Use of Inhaled Corticosteroids and the Risk of Cataracts


Synopsis: Among 3654 people aged 49-97 years, the use of inhaled corticosteroids at any time was associated with a significantly increased prevalence of nuclear cataracts and posterior cataracts.

Source: Cumming RG, et al. N Engl J Med 1997;337:6-14.

The prevalence of cataracts in 3,654 people 49-97 years of age (mean, 65 years) was studied in Australia. Cataracts were diagnosed by retroillumination photography, a technique considered less sensitive than slit-lamp examination. Photographs of the lens were interpreted without knowledge of the history of corticosteroid use. The use of inhaled and systemic corticosteroids was determined by questionnaire, whereby 241 subjects had used only inhaled corticosteroids, 177 used only systemic corticosteroids, and 111 subjects had employed both.

The use of inhaled corticosteroids at any time was associated with a significantly increased prevalence of nuclear cataracts and posterior cataracts. There was a highly significant (P < 0.001) trend for increasing risk for posterior subcapsular cataracts, with increasing lifetime dose of beclomethasone; however, after elimination of those with a history of systemic corticosteroid use, the trend was less evident (P = 0.06).


The value of any medical therapy is assessed by weighing potential benefit vs. potential risk.
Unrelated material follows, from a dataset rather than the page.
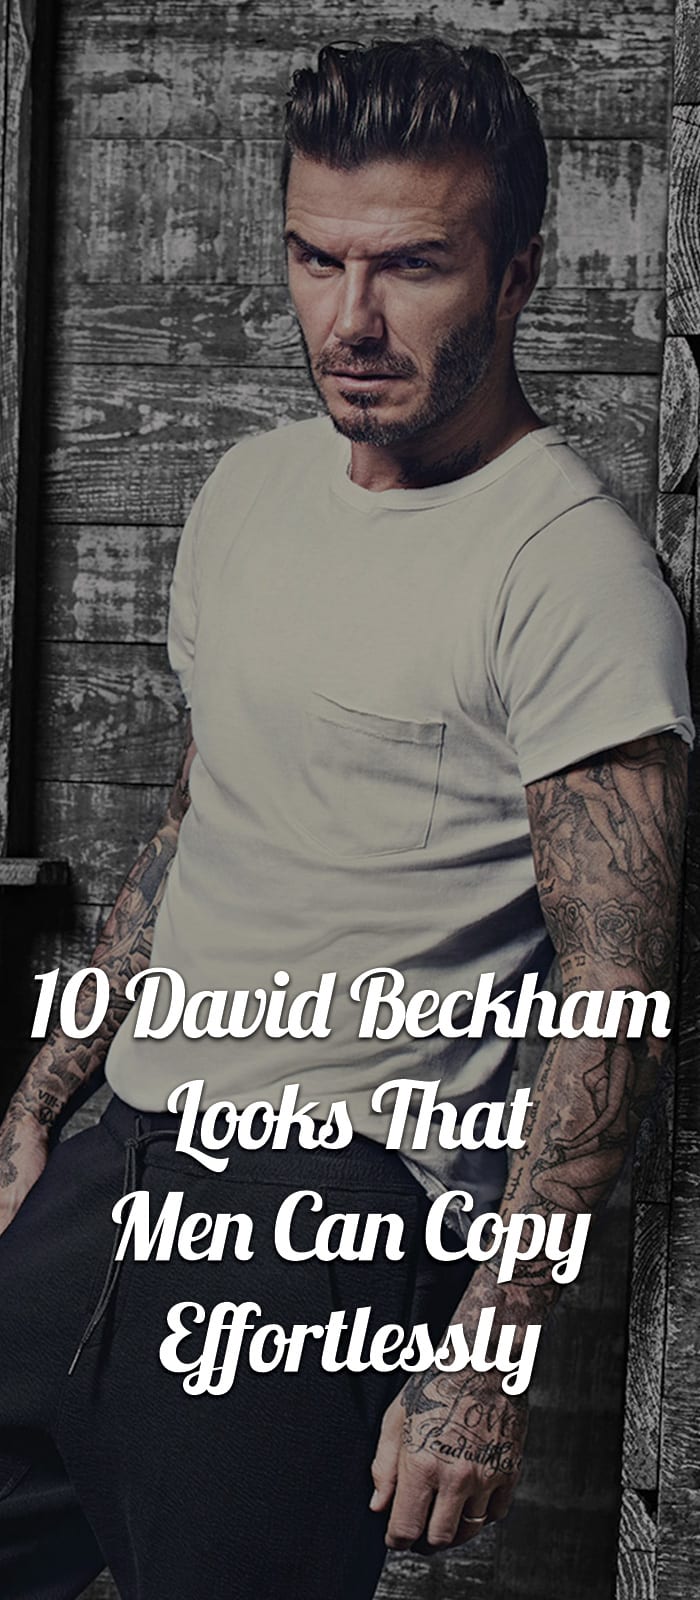 10-David-Beckham-Looks-That-Men-Can-Copy-Effortlessly

Inhaled corticosteroids are probably the most effective medications for moderate-to-severe asthmatic subjects, according to various published guidelines.1,2 Yet, in the study, the authors tried to eliminate the possible effects of systemic steroids. In my experience, this is difficult since patients often do not know the nature of an injection they have received, or even the name or mode of action of a pill prescribed to them in the past. Nevertheless, it is unlikely that those who denied use of systemic steroids would have used them in sufficient quantities to explain the observed increased risk of cataracts. It is surprising that the authors did not assess the use of nasal corticosteroids in their questionnaire, since this is a possible confounding variable and would influence the total dose of steroids absorbed.
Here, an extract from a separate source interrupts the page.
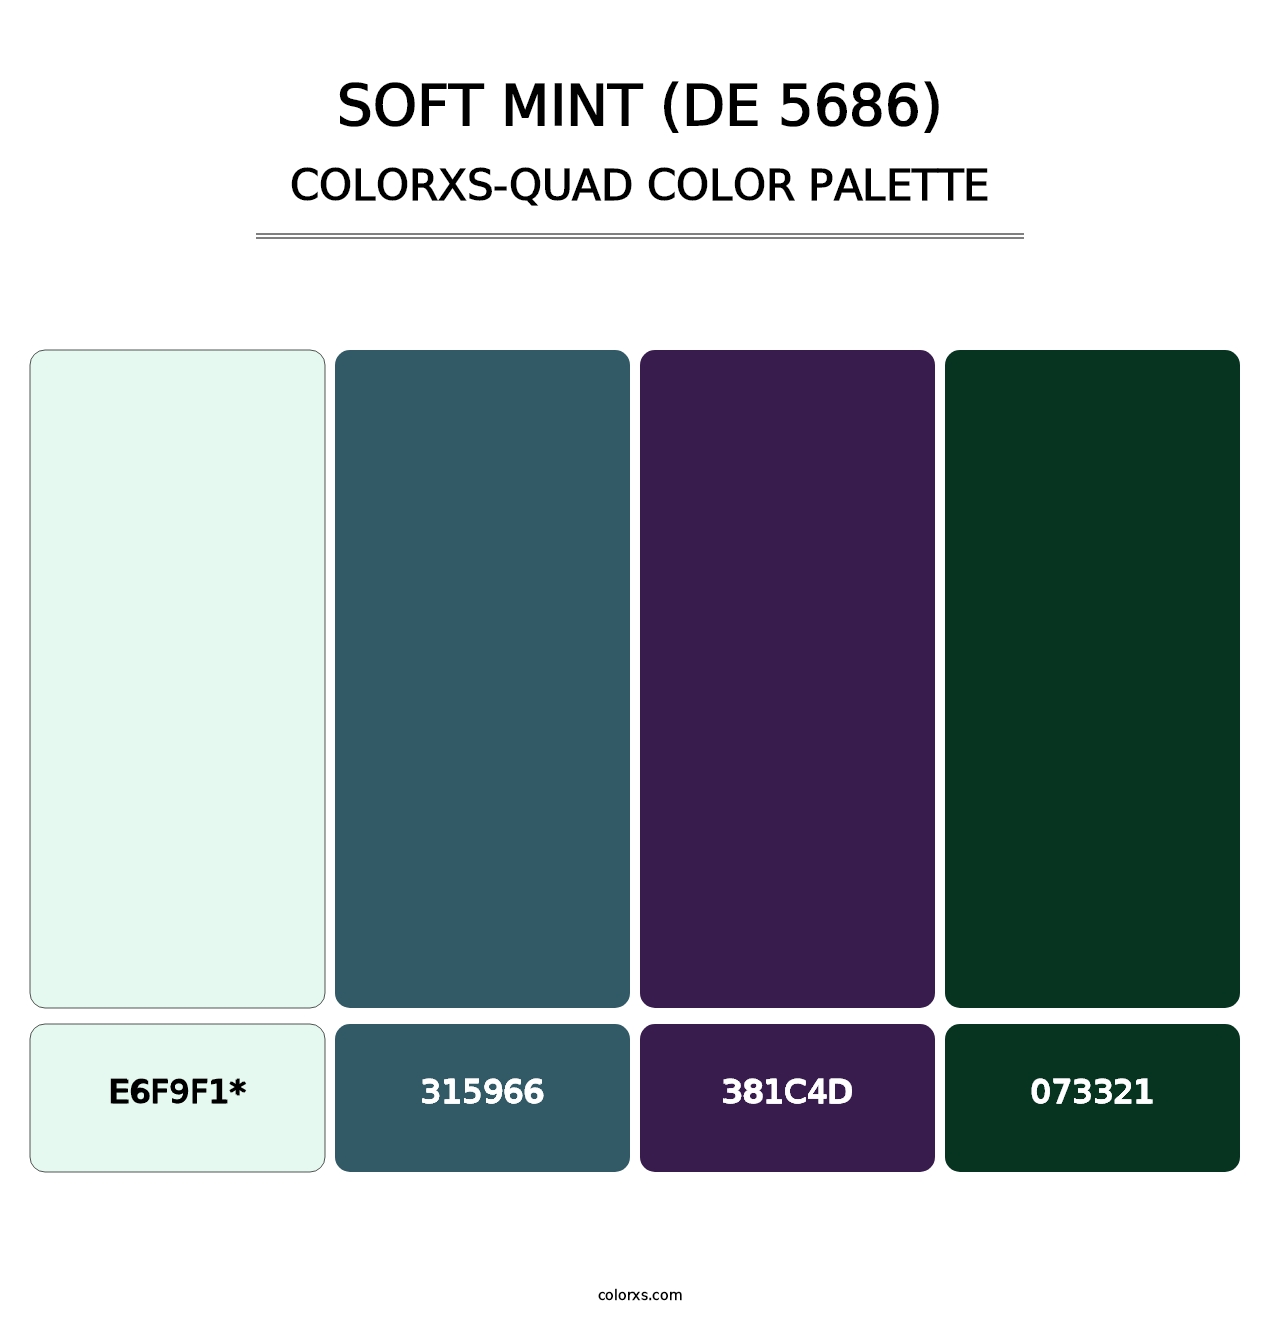 Soft Mint (DE 5686) - Colorxs Quad Palette

Despite these reservations, it seems likely the authors have identified an increased risk for cataracts in patients who use inhaled corticosteroids, especially when moderate- or high-dose inhaled steroids are used over a long period of time. Periodic ophthalmologic evaluations, including slit-lamp, would seem prudent under such circumstances. Finally, the results of this study reinforce the importance of step-down therapy of asthma—tapering inhaled steroids to the lowest dose required to control asthma, and employing other classes of medications with "steroid- sparing" properties.3


1. National Heart, Lung, and Blood Institute. International consensus report on diagnosis and management of asthma. 1992.

2. Spector S, Nicklas R (eds). Practice parameters for the diagnosis and treatment of asthma. J Allergy Clin Immunol 1995;96:707-870.

3. Spector SL. Leukotriene inhibitors and antagonists in asthma. Ann Allergy Asthma Immunol 1995;75: 563-570.